ROW Data Types

A ROW data type is a complex data type that can store multiple data values within its ordered set of one or more fields. OneDB supports two categories of ROW data types: named ROW types that the CREATE ROW TYPE statement registers in the system catalog, and unnamed ROW types that ROW constructor expressions define.

You can use this syntax when you assign a ROW data type to a column or to an SPL variable.
Named and unnamed ROW data types

1 %Named ROW data type
1 %Unnamed ROW data type
Named ROW data type

1 ?  owner . row_type
Unnamed ROW data type

1  ROW?  ( + , field data_type )
Element Description Restrictions Syntax
data_type Data type of field Any built-in type except BYTE or TEXT, or a UDT that has a support function for bit-hashing Data Type
field Name of a field within row_type Must be unique among field names of the same ROW type Identifier
owner Authorization identifier of the owner of this ROW type In an ANSI-compliant database, the combination owner.row_type must be unique among data types in the database Owner name
row_type Named ROW type that CREATE ROW TYPE statement defined ROW type must exist in the database Identifier; Data Type

Named ROW types

You can assign a named ROW type to a table, to a column, or to an SPL variable. A named ROW type must already exist in the database before you can use it in any of the following contexts:
  • to create a typed table
  • to define a column
  • to define an SPL variable of a named ROW type.
A field in a named ROW type can be another existing named ROW type, as in this example:
CREATE ROW TYPE row_t ( w INT, y INT); 
CREATE ROW TYPE rowspace_t ( u INT, v row_t, z DATE);
Each row of the named ROW type rowspace_t can stores three INT values and one DATE value, but two of those INT values are in the field of ROW type row_t.

To specify a named ROW data type in an ANSI-compliant database, you must qualify the row_type with its owner name, if you are not the owner of row_type.

A named ROW type can be the child of a supertype within a data type hierarchy, from which it inherits the field data types of its parent ROW type, or it can have no parent supertype. For the DDL syntax to create a new named ROW data type, see CREATE ROW TYPE statement.

Unnamed ROW types

An unnamed ROW data type is identified by its structure, which specifies fields that you create with its ROW constructor. For the syntax of unnamed ROW constructors, see Constructor Expressions.

You can define a column or an SPL variable as an unnamed ROW data type.

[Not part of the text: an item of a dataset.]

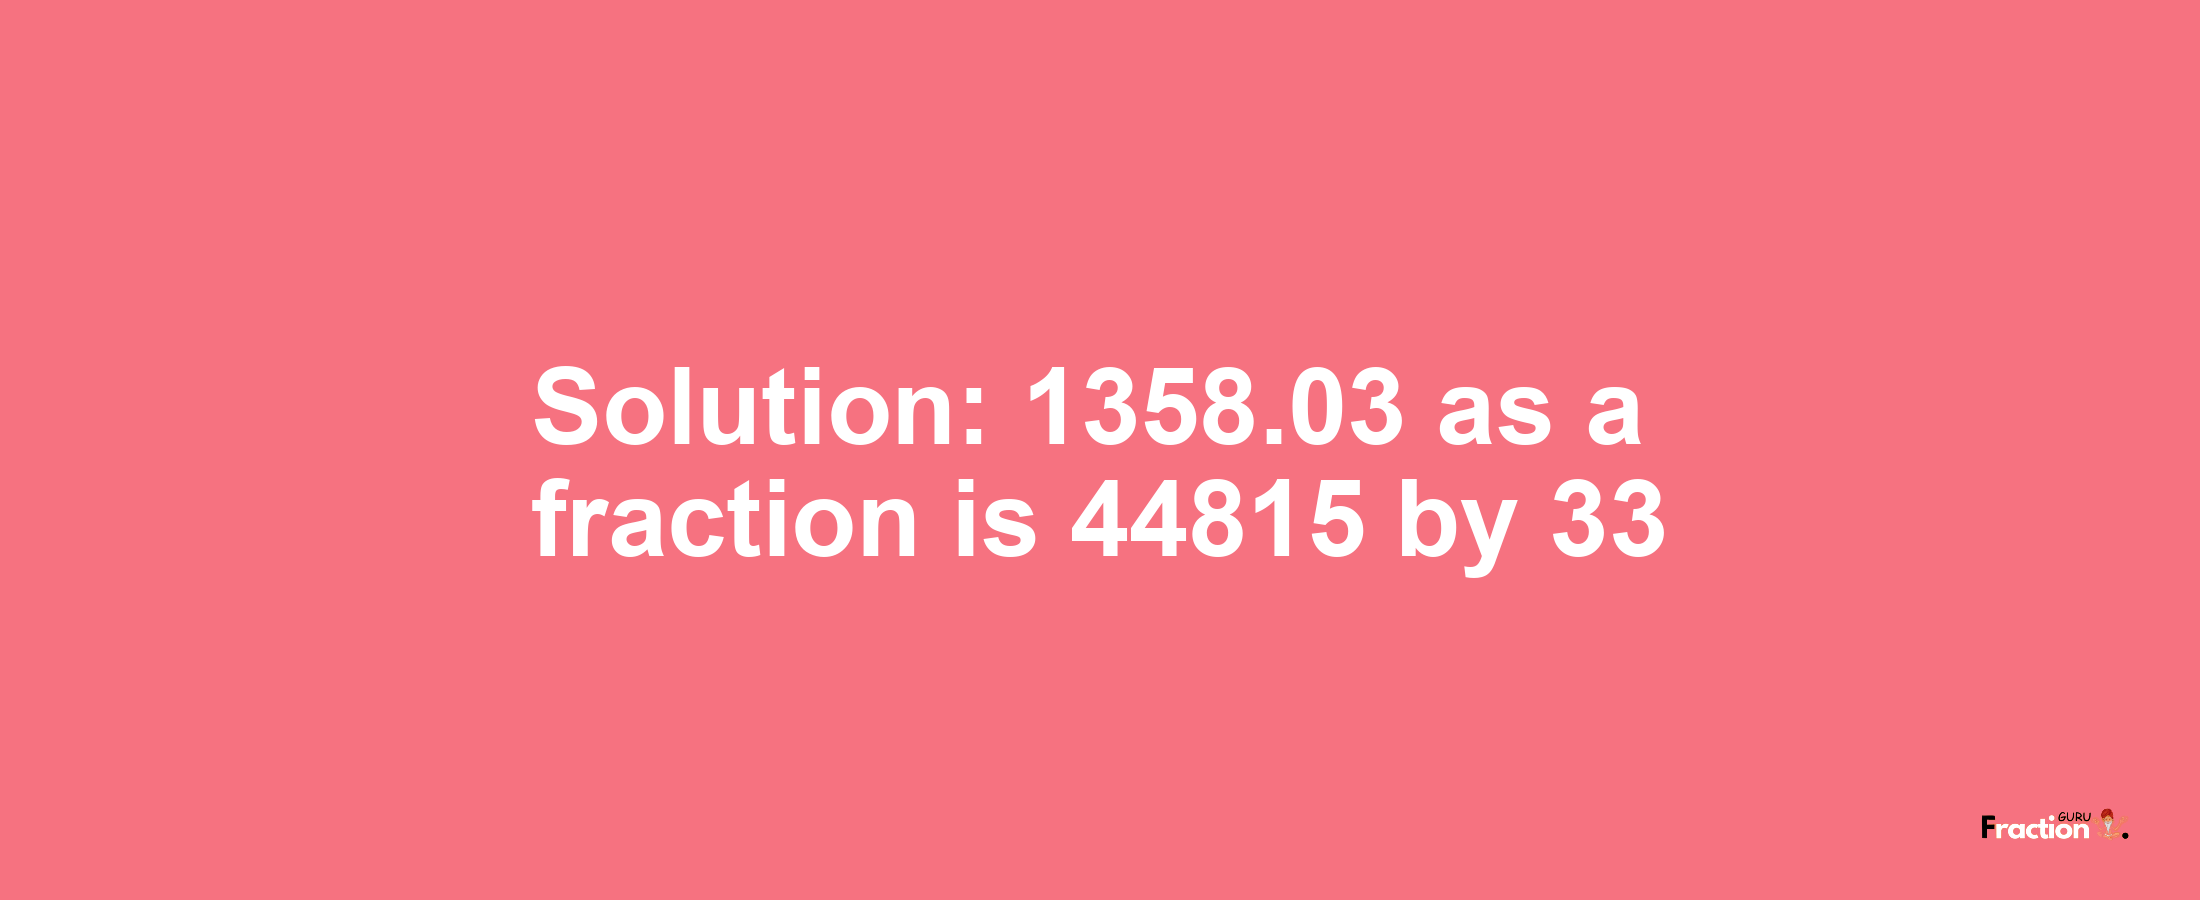 Solution:1358.03 as a fraction is 44815/33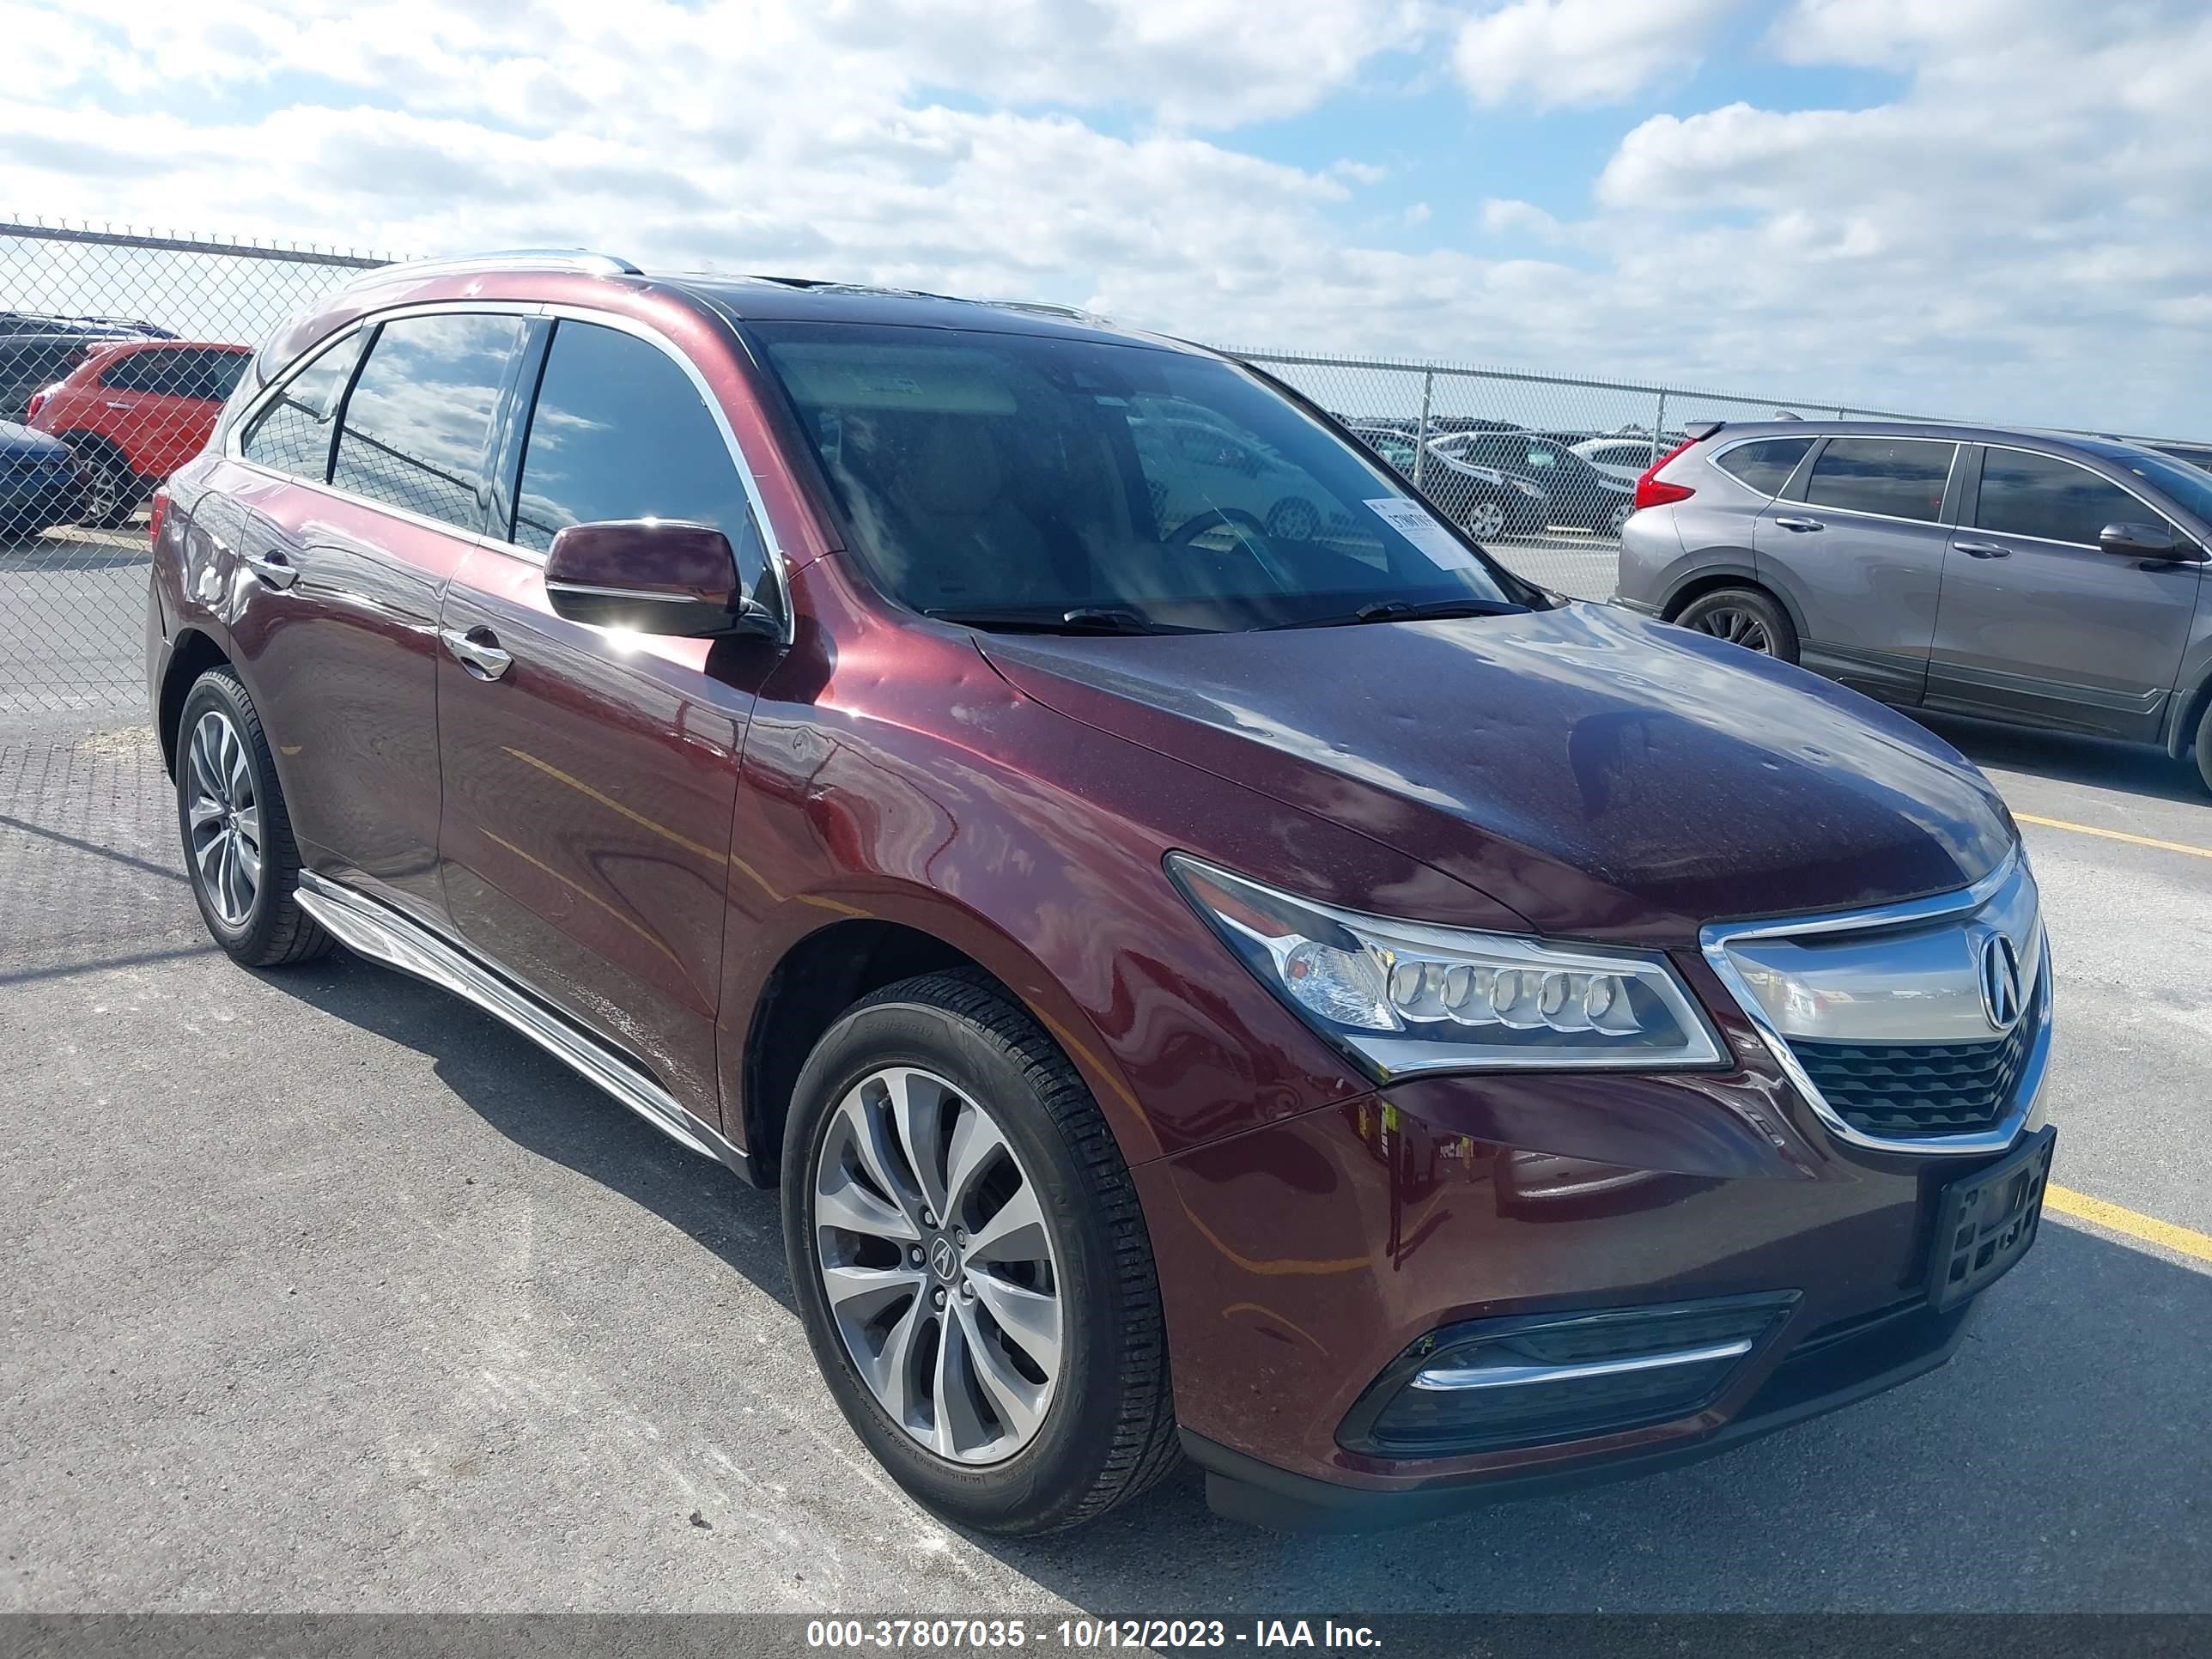 vin: 5FRYD3H65GB009319 5FRYD3H65GB009319 2016 acura mdx 3500 for Sale in 76527, 23010 Firefly Rd, Florence, Texas, USA

If you omit the field list of the ROW constructor when the DEFINE statement of SPL declares an SPL variable as an unnamed ROW data type, the new variable has a generic ROW data type, to which the SPL routine can assign the field values of any ROW data type. For the syntax to declare SPL variables as ROW data types, see Subset of Complex Data Types.

Restrictions on ROW types

Columns in database tables cannot be generic ROW types.

An SPL variable declared as a generic ROW data type cannot return the result of an SQL routine. Before you can use a ROW type variable in an SPL routine, you must initialize the row variable with a LET statement or with a SELECT INTO statement.

Fields in a ROW data type cannot include TEXT or BYTE data types. Fields in ROW types also cannot be user-defined types (UDTs) that are not bit-hashable using the built-in hashing function of the database server.

Because of the maximum row size limit of 32,767 bytes, a single table cannot be created with more than approximately 195 ROW type columns.